The couple, as well as the Canadian authorities, have absolutely no idea how the tiny amphibian managed to get inside the seemingly whole green pepper.

Radio Canada/CBC

In fact, the only creature that had any idea how it got in there at all was the frog itself.

Which brings us to some bad news.

After their astounding discovery, the couple handed the food and the frog - purchased at a local supermarket - over to the Québec Ministry of Agriculture, Fisheries, and Food (MAPAQ) and they killed the poor critter!

Yes, they euthanized the frog while they were trying to gather theories as to how it got in.

Even worse than that, they're still not sure.

Radio Canada/CBC

What we do know is that it was identified as a green tree frog, and was likely from Honduras, where the veg was grown.

That's it.

Surely the poor frog didn't have to die for that, right?

Anyway, Gagnon and Blackburn couldn't see any visible holes in the pepper, so it couldn't have just crawled in there.

Gagnon told Radio Canada: "It's like the secret of Caramilk [reference for the kids, there], how the frog ended up in the pepper, I don't know!"

Blackburn added: "They cannot see it. A pepper is closed. You can't see if there is a frog in there or not."

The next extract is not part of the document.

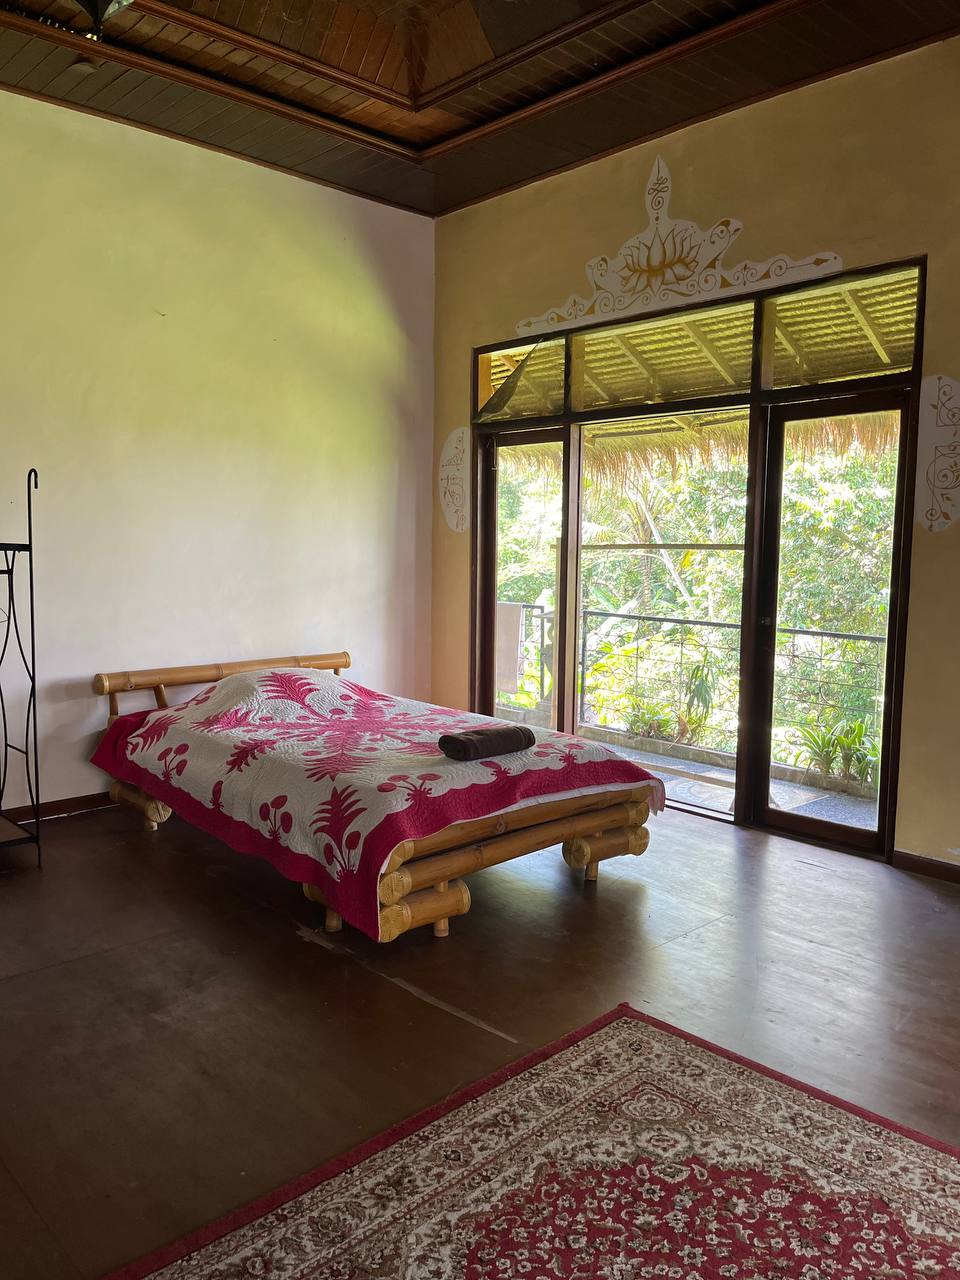 Single bed in Large shared 3 bed room - 1 Person - 1 month - Bali Flow Temple - Living Room with Daily Classes

The authorities in Canada receive around 20 cases like this each year, but usually it concerns spiders and insects. Stuff that finds a way inside things a bit easier, really.

Radio Canada/CBC

MAPAQ spokesperson Yohan Dallaire-Boily said: "The analysis was carried out by euthanising the frog to carry out the laboratory expertise.

"If we analyse it, it's for food security, to make sure everything is healthy for the people who have consumed it or not."

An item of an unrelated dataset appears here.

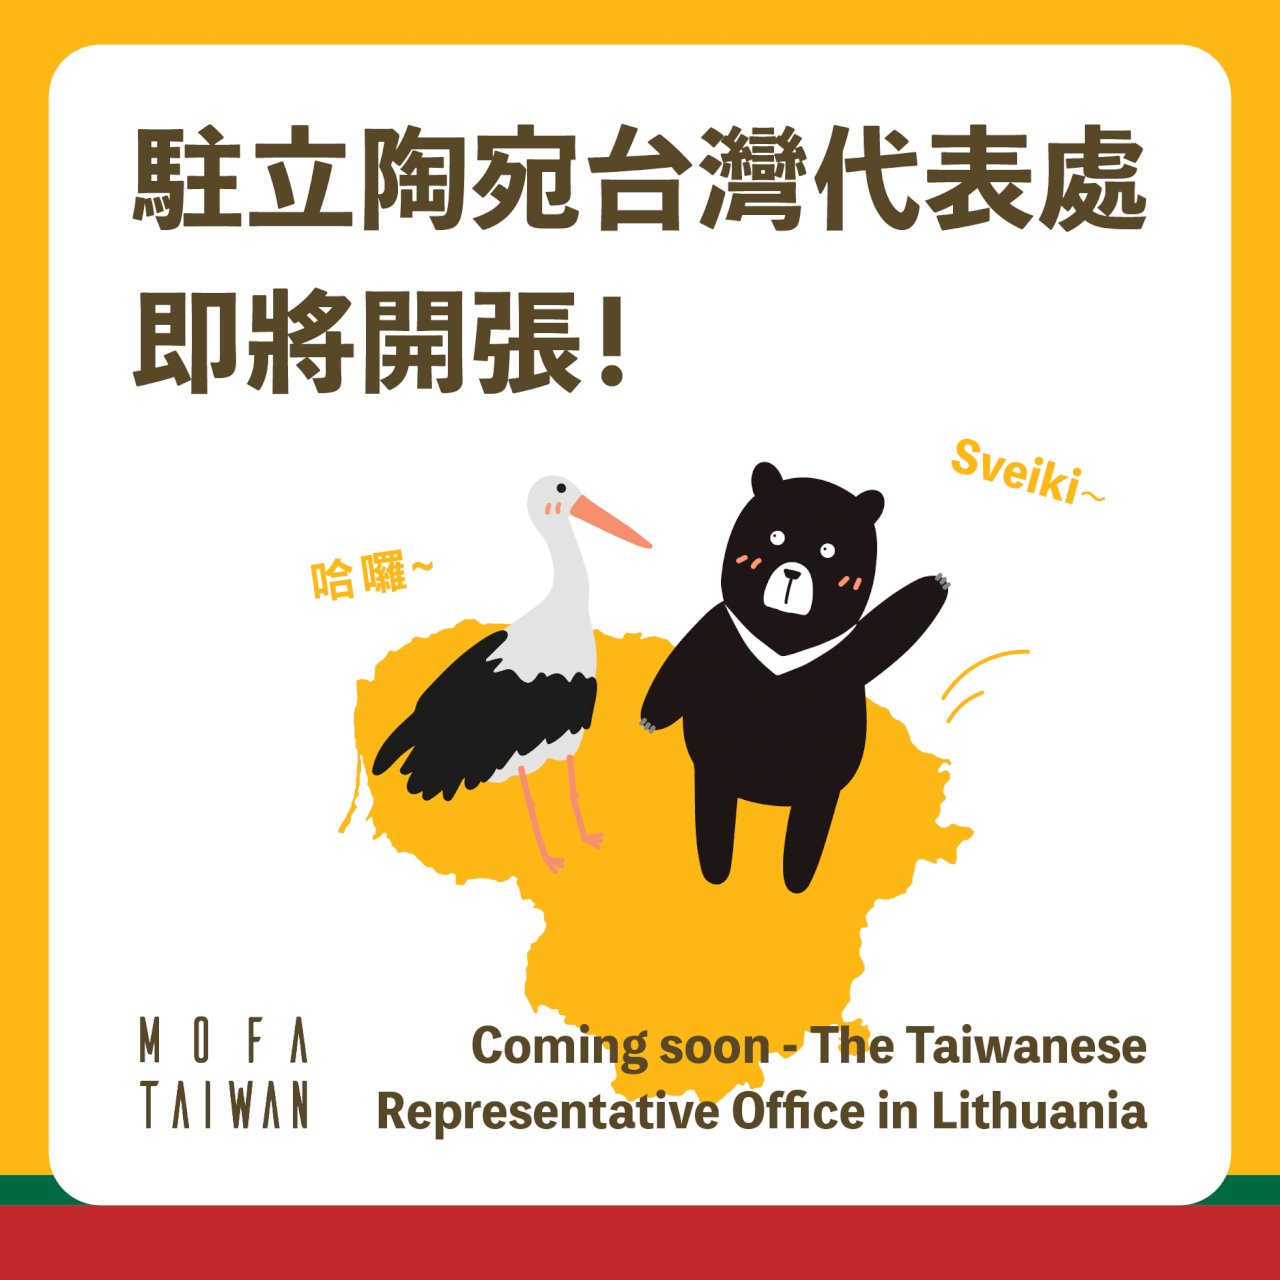 Official: Lithuania’s plans to open Taiwan office going ahead

So, here are some of the best theories.

One suggests that the frog chewed in, but the couple didn't notice the hole.

Another suggests it got in while a hole was present during growth of the pepper, then the hole sealed.

Others include immaculate conception - Frog Jesus, anyone? - and a hoax. Do we believe any of those, though?

Radio Canada/CBC

Here's the take of frog expert Patrick Moldowan, a director at large at the Canadian Herpetological Society: "It almost certainly did not come to be a sizeable adult frog by developing as a tadpole.

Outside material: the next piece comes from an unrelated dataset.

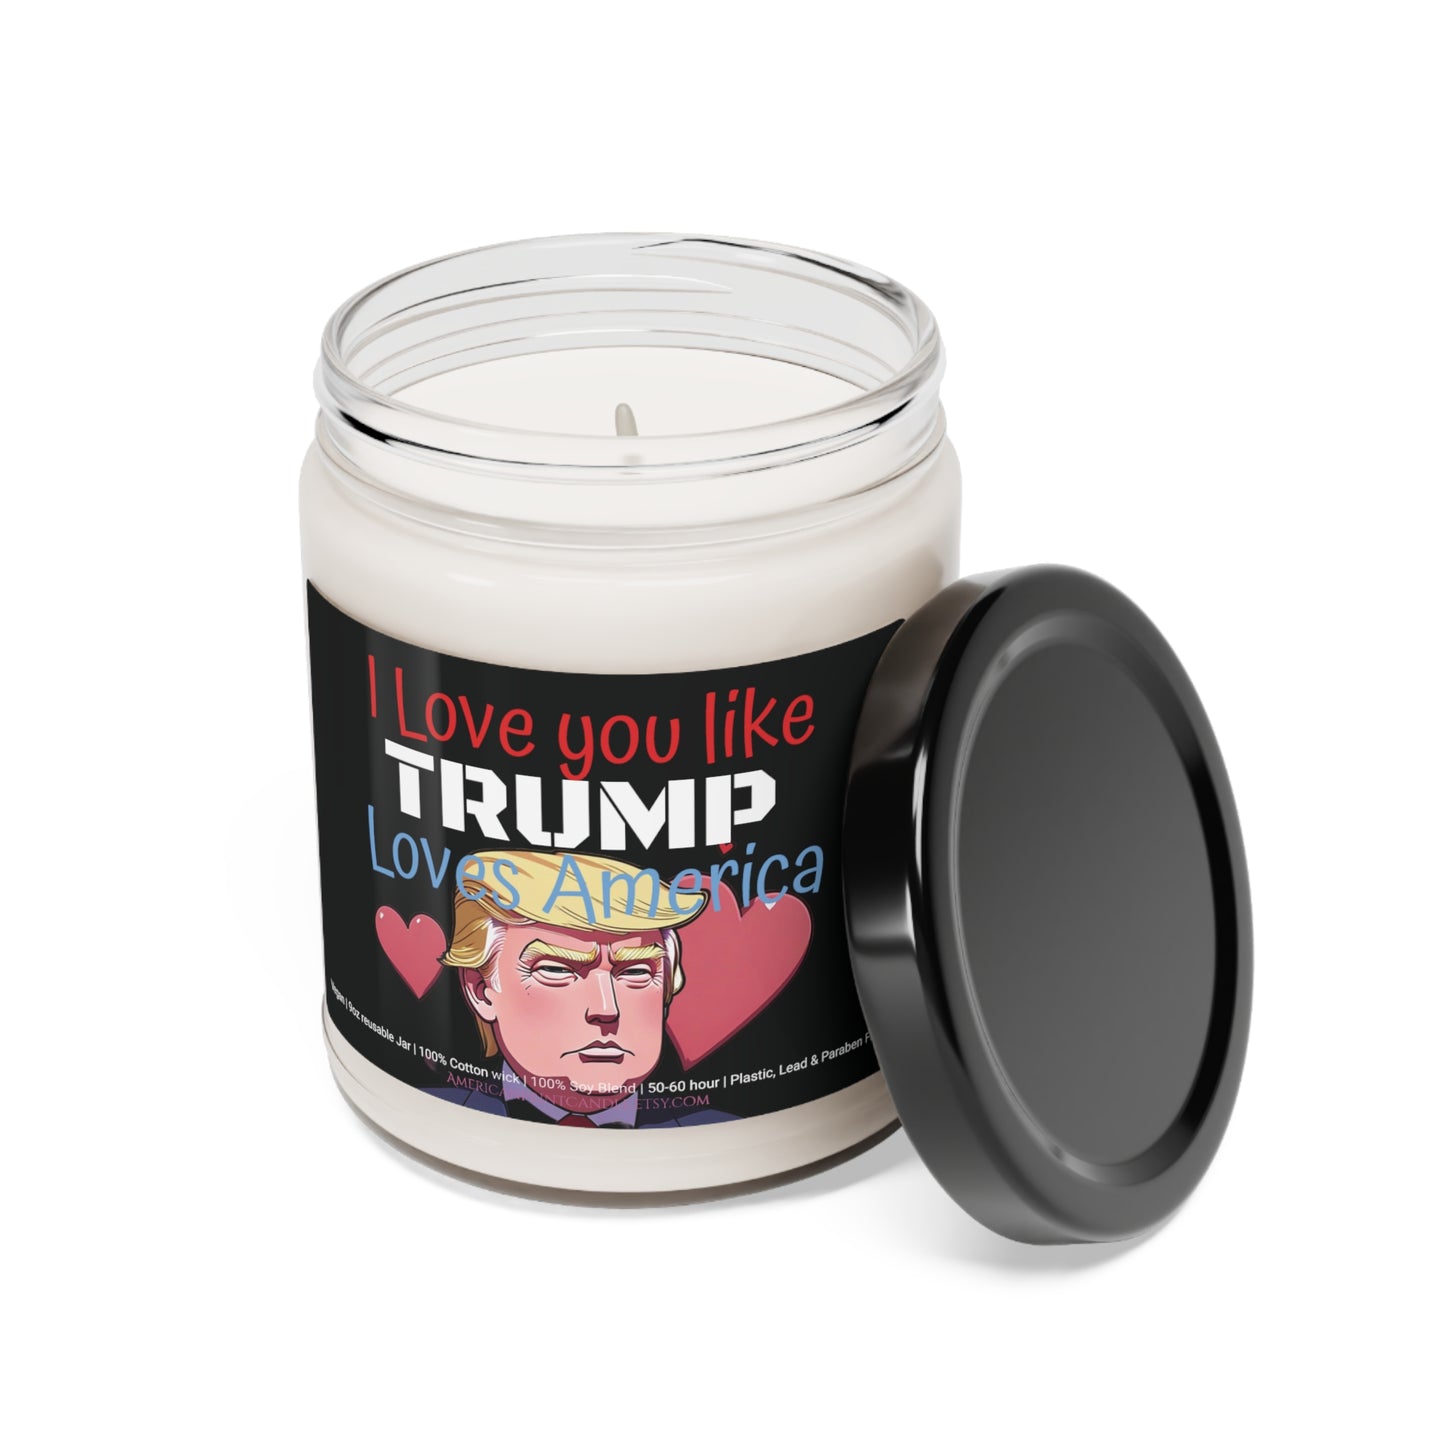 I love you like Trump loves America Valentine's Day Gift Scented Soy Candle 9oz Cartoon

"For example, the egg development time, process of metamorphosis, and post-maturity growth (to reach adult size) are well beyond the time it takes a green pepper to grow."

Confused? You should be. Hell, everyone else is.

Probably not as confused as the poor frog, who was taken from a great environment with food, shelter, and water, then ruthlessly and clinically dispatched in a cold, sterile laboratory.

RIP Mystery Frog. We hardly knew ye.